6月12日(月) オー・ヘンリー、あなたのお家はどこ?

 私のお家はニューヨークよー、テキサス州オースティンに博物館もあるのよ。デノン AVプリアンプ AVP-A1HDがついに到着。事前に考えていたような宅急便の配達の人に2Fまで上げて貰うという方法は取れなかったが(笑)、なんとか自力でシアタールームに運び込むことが出来た。ぴんでんさんに助っ人を頼んだり、販売店に宅急便の人に2Fまで上げてくれと手配してみたり(実際、これは不可能だった訳だが)、いろいろ心配させられたけれども、何、最後には上手く行った。案ずるより生むが易し、西川きよしの相方は横山やすしとはまさにこのことなり。

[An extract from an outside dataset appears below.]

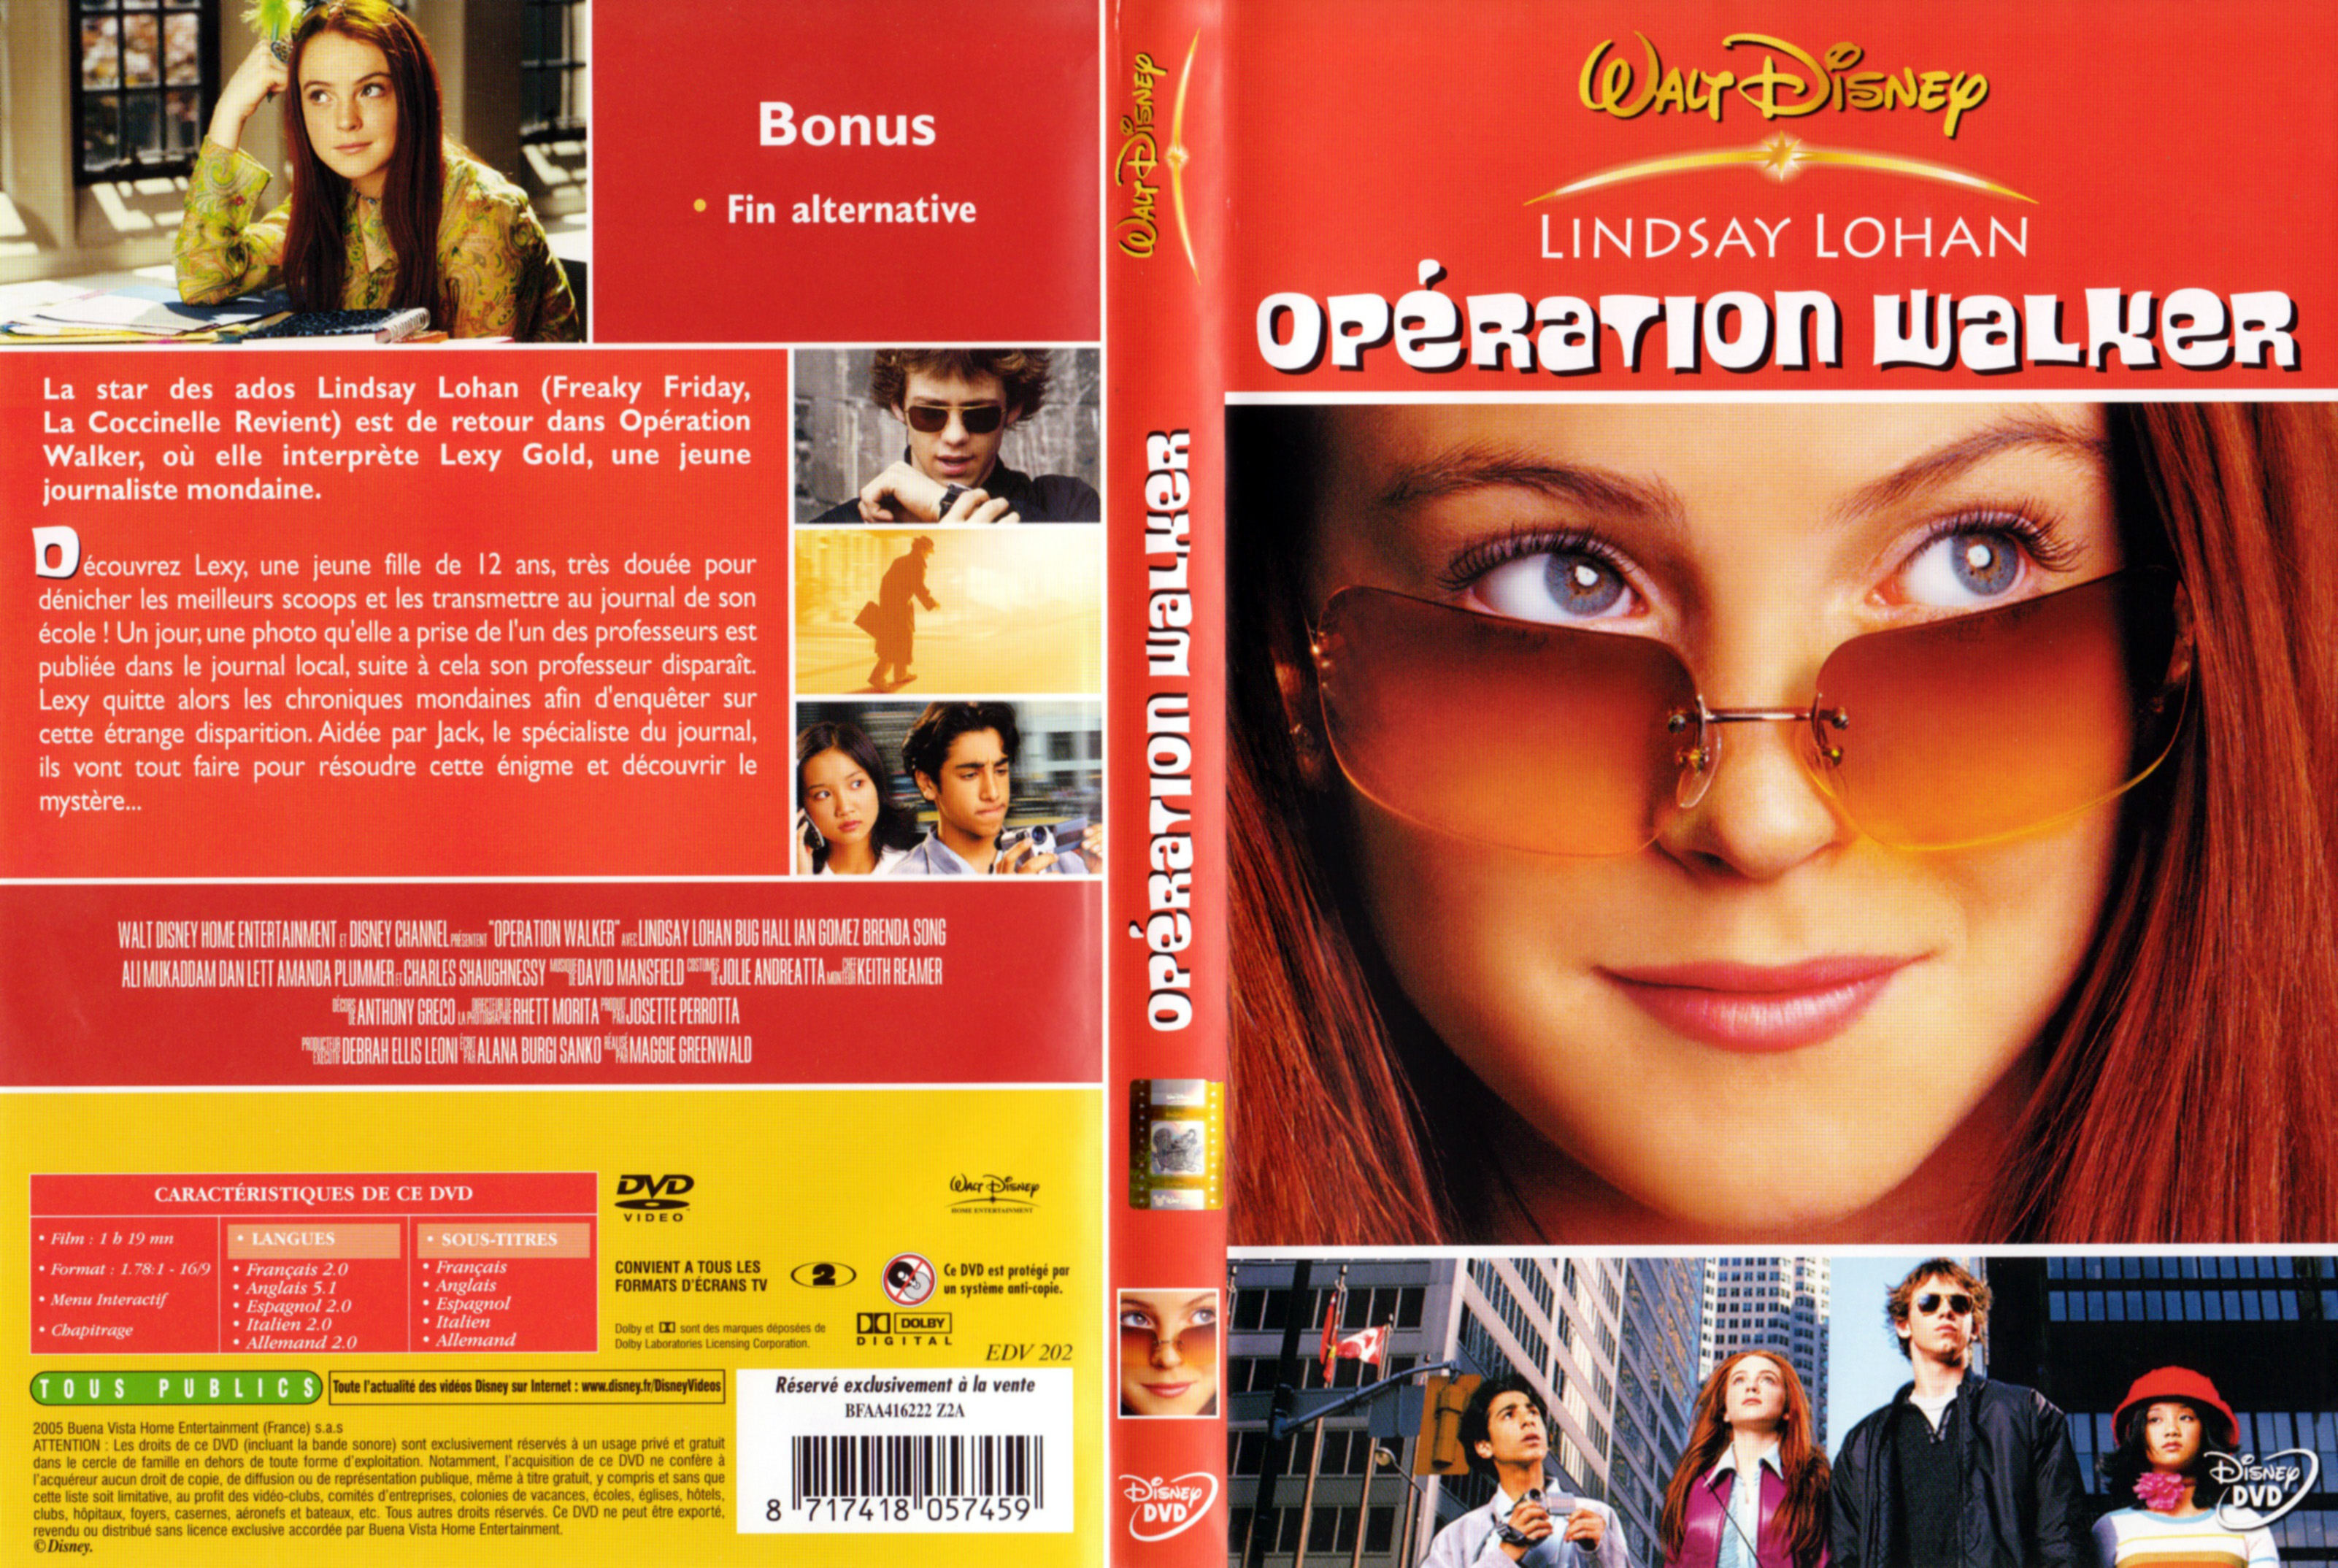 Jaquette DVD Opration Walker

 ここから時間は一気に飛んで(笑)夕食後になったと思って下さい。びゅんとマッハの速さでシアタールームに上がって喜びに打ち震えながらAVP-A1HDを箱から取り出す。そして「重たい、重たい」と呻きながらGTラックの最上段にセットしたのだが、その奥行きがなんとGTラックとほぼ同じ。どんだけ馬鹿でかいアンプなんだ。そしてリモコンやAudyssey ルームEQ用測定マイクなど必要な付属品を取り出して空っぽになった箱を天井裏の倉庫に収める。実はこの時が一番危なかった。梯子の上から転落しそうになった。アンプ本体はちゃんと運べたのに箱を持ち上げようとして転落などどうにも様にならぬ。

 次に結線。音声用HDMIケーブル(スープラ)やアナログバランスケーブル、デノンリンクケーブル(ただのLANケーブル)などを手際よく繋いでいく。フロント・リアのプリアウトにそれぞれのパワーアンプを接続してこれで結線は完了。アナログ5.1チャンネル分のケーブルを使わないので実に簡単である。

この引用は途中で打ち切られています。